TASK TO COMPLETE =
In the records below, reproduce exactly the lines from the one containing "World History Chart by" through the one containing "Asceno Dress Midi", both included, and omit the pictures.

PROVIDED DATA =

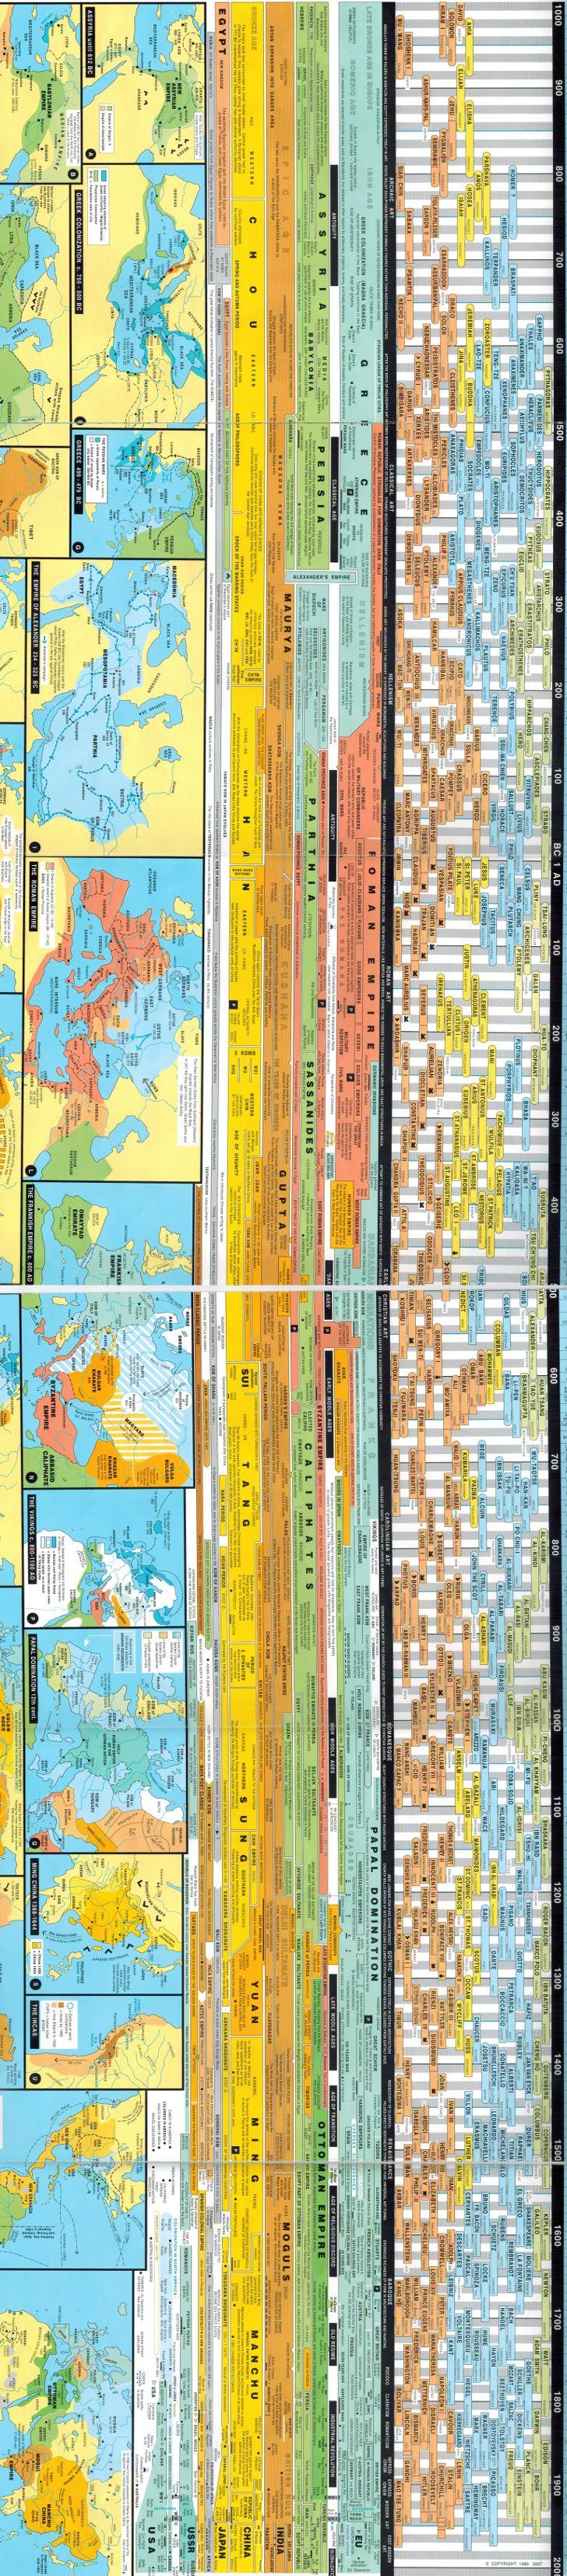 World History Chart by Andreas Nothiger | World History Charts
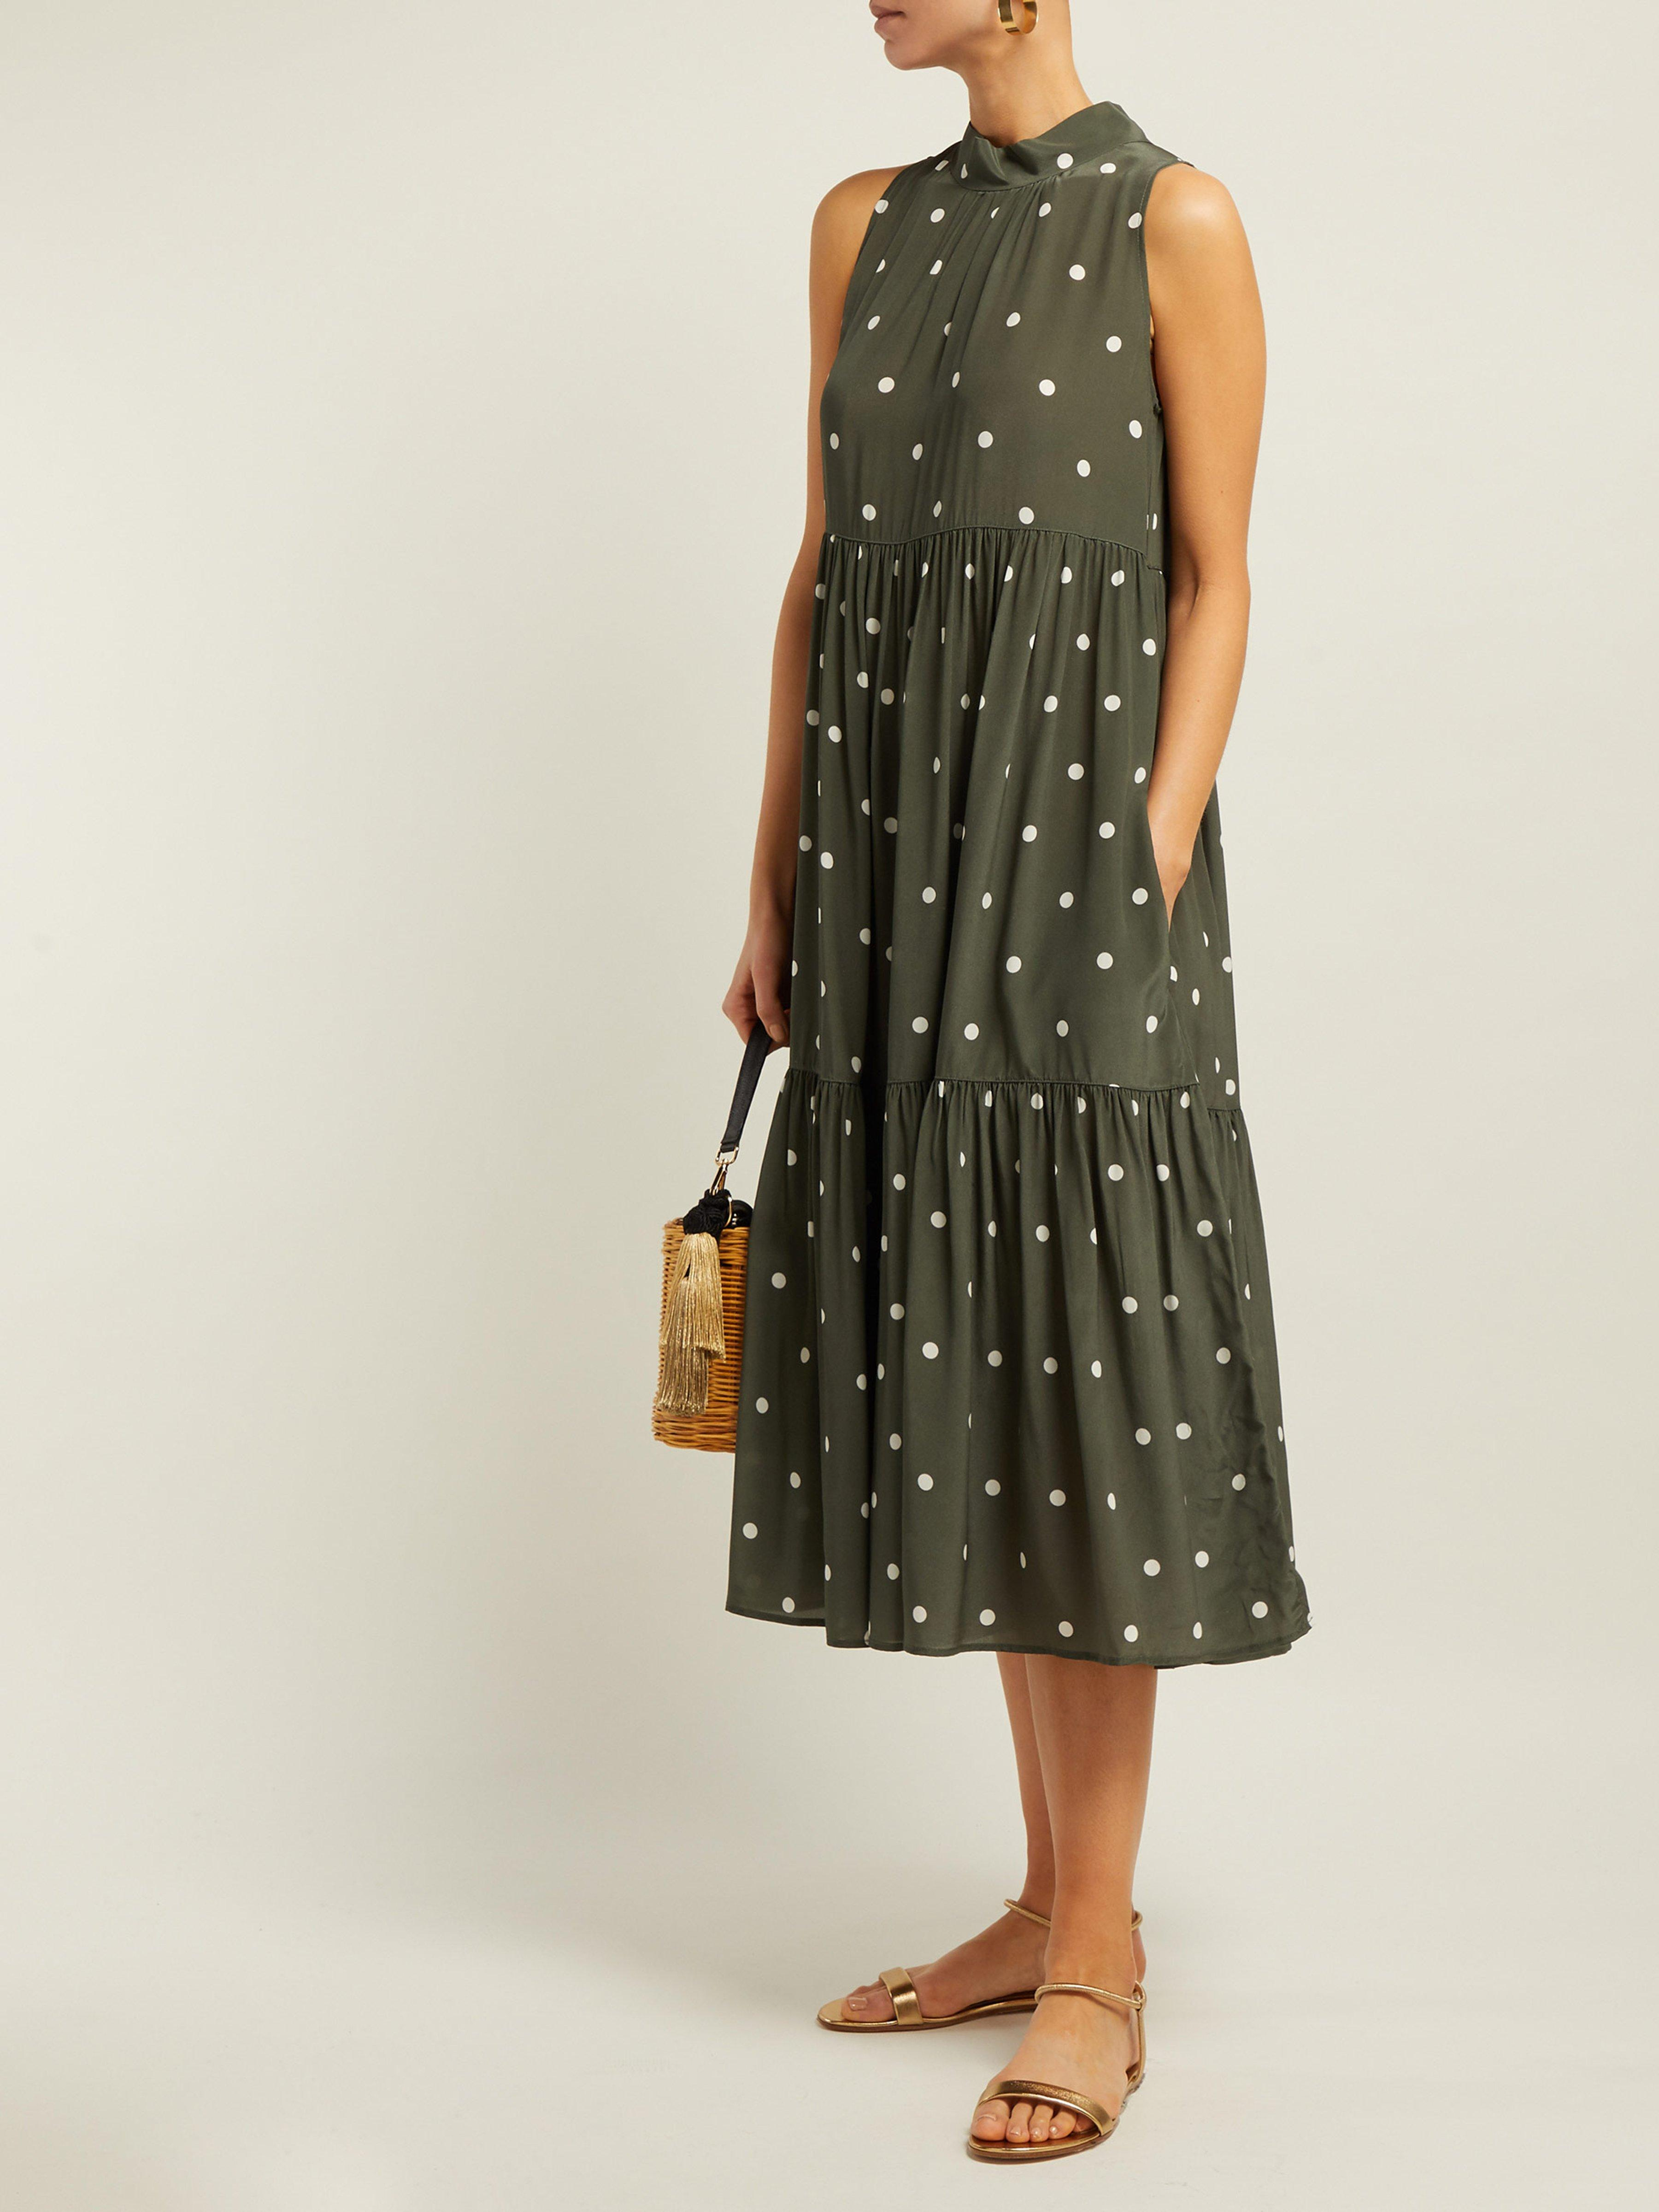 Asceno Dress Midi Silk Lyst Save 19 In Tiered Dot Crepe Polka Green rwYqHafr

* * *

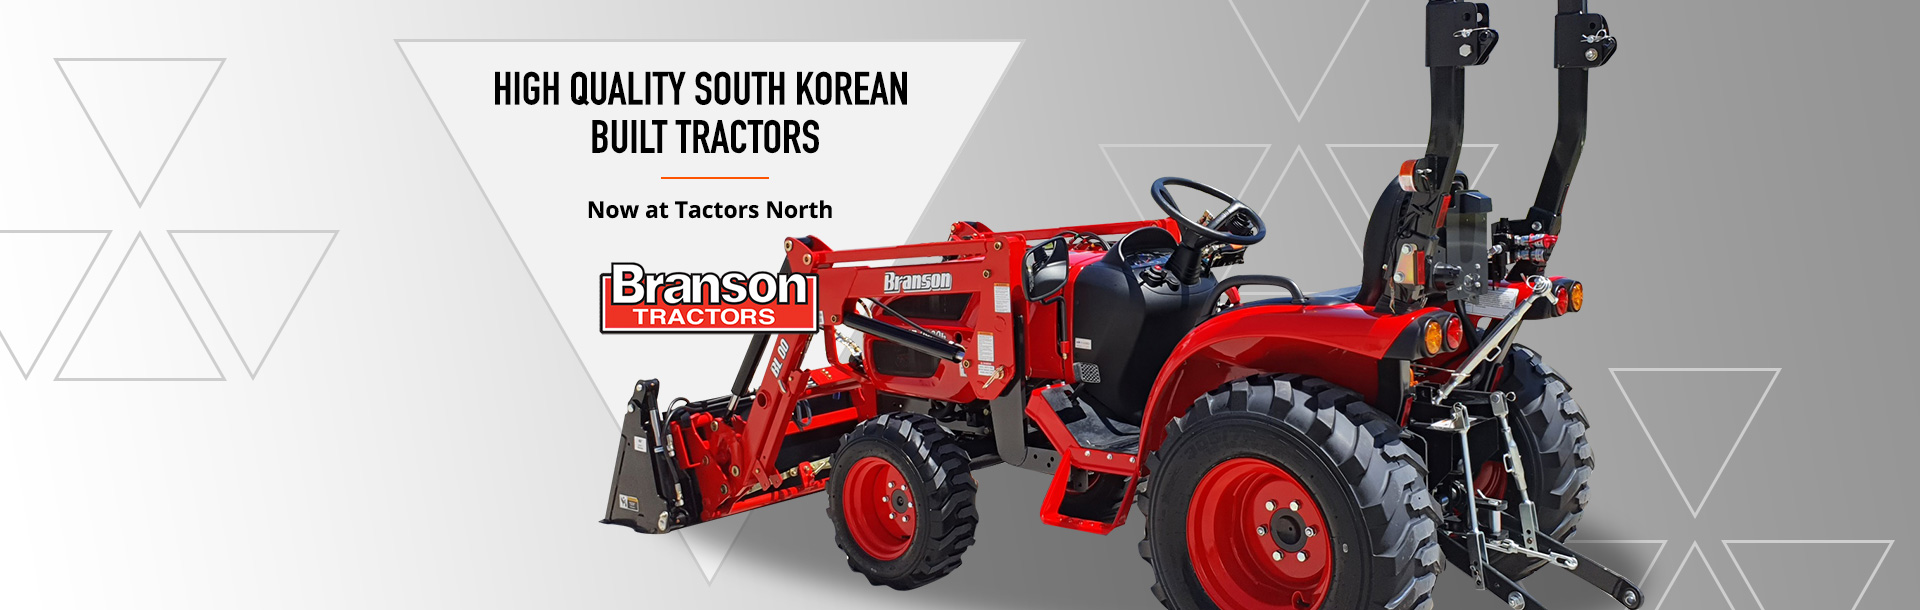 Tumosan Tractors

EXERCISE SOLUTION =
 World History Chart by Andreas Nothiger | World History Charts
 Asceno Dress Midi Silk Lyst Save 19 In Tiered Dot Crepe Polka Green rwYqHafr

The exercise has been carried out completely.